Youth Programs
Connect and Thrive
3 learning domains
4 programs for youth ages 7-18
About
Our four youth programs follow the same yearly structure: 21 lessons per year that pair Experiential Tracking with Narrative Tracking.
Each lesson links land routines and projects so students build skills, cooperation, and perspective across Nature, Prosocial, and Universal domains.
Schools receive full access to the teacher education program, including planning guidance, mentoring supports, and ready-to-use materials for all 21 learning units, so staff can deliver consistent experiential and narrative lessons across the year.
This model is rooted in the 'Connect and Thrive' book and is supported by the educator course that prepares teachers to use the compass, the narrative, and the routines in place.

3 Learning Domains

Nature Connection &
Earth Regeneration
Youth begin with steady routines on the land, reading place through tracking and sit spots, then apply what they learn in soil, water, habitat, and food projects. The compass for this domain organizes attention and practice so sensory awareness grows into ecological literacy and hands-on restoration, while the Experiential and Narrative Tracking Paths keep fieldwork linked to big-picture understanding.
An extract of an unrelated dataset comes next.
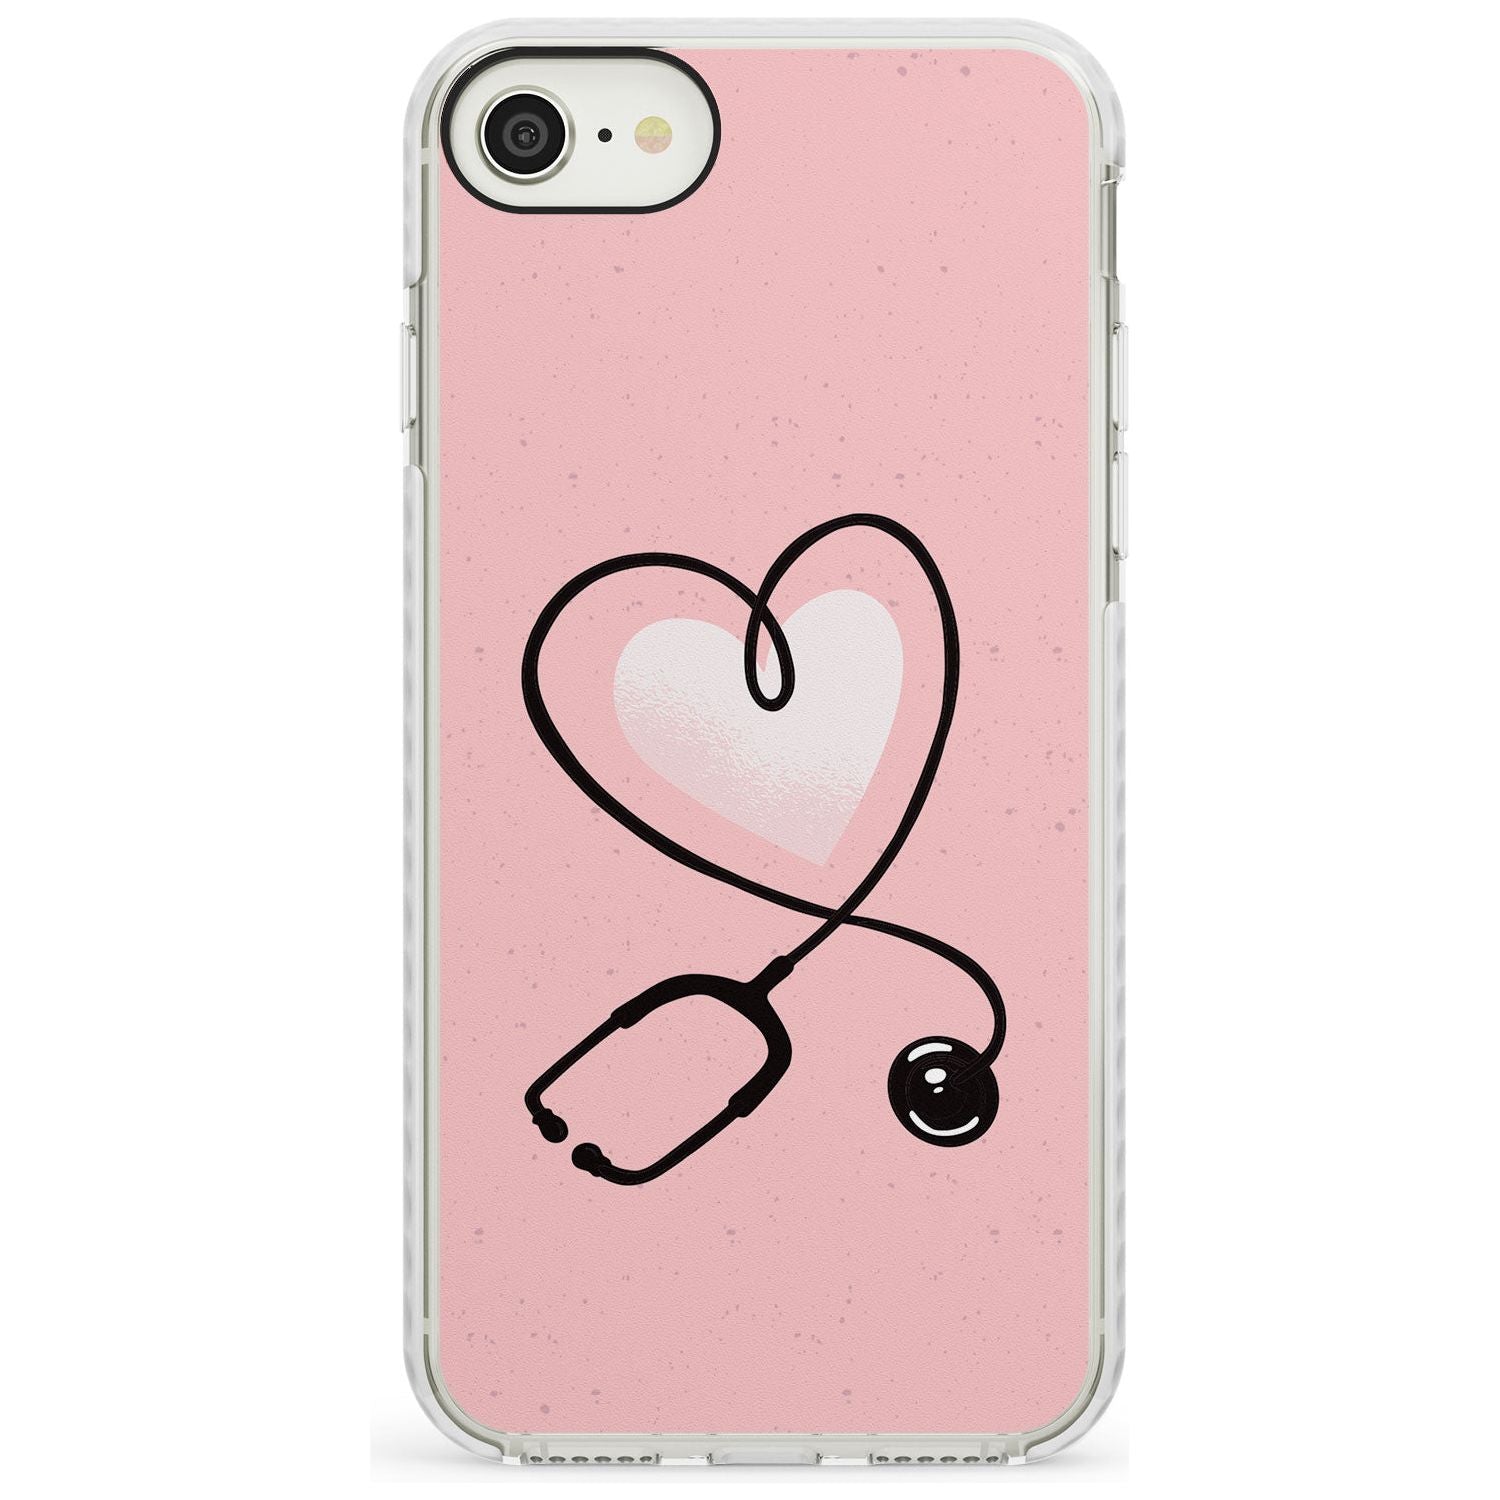 Medical Inspired Design Stethoscope Heart Impact Phone Case for iPhone SE 8 7 Plus

Two-Eyed Seeing guides design so local action aligns with regenerative economics and community priorities. This forms the ecological base of a 22nd-century education.
Prosocial Connection & Community Regeneration
Learners move from solo practice to teamwork and shared projects, setting roles and agreements, learning to decide together, and running mentoring circles that design local learning sites with Elders and partners. Frameworks from Ostrom, Wilson, and Manji shape cooperative structure, psychological flexibility, and principled dialogue so groups can plan, resolve conflict, and co-create visible work in place. These habits link study with action and build the civic capacity needed for durable community regeneration.


Universal Connection &
Human Regeneration
The focus widens to meaning, story, and responsibility to the unknown, bringing prosocial biology, moral courage, systems thinking, and planetary citizenship into view. Two-Eyed Seeing and related practices help learners hold uncertainty with care, connect personal purpose to shared narratives, and align ethical reflection with real stewardship. As the capstone, this domain ties land practice and community work to a larger horizon, preparing youth to navigate complexity with clear methods and shared responsibility.
4 Youth Programs
Ages 7-9
Pathfinders - Inspiration
Pathfinders invites younger learners into the journey through simple daily routines at home and on the land, supported by sit spot and playful practice. The focus is inspiration, so children notice, name, and share what they find, while the compass keeps attention on nature connection, prosocial storytelling, and first questions about the wider unknown. Programs run across seven school locations worldwide and use the book’s Experiential and Narrative Tracking Paths to link practice with purpose and with the River System of Human Time story.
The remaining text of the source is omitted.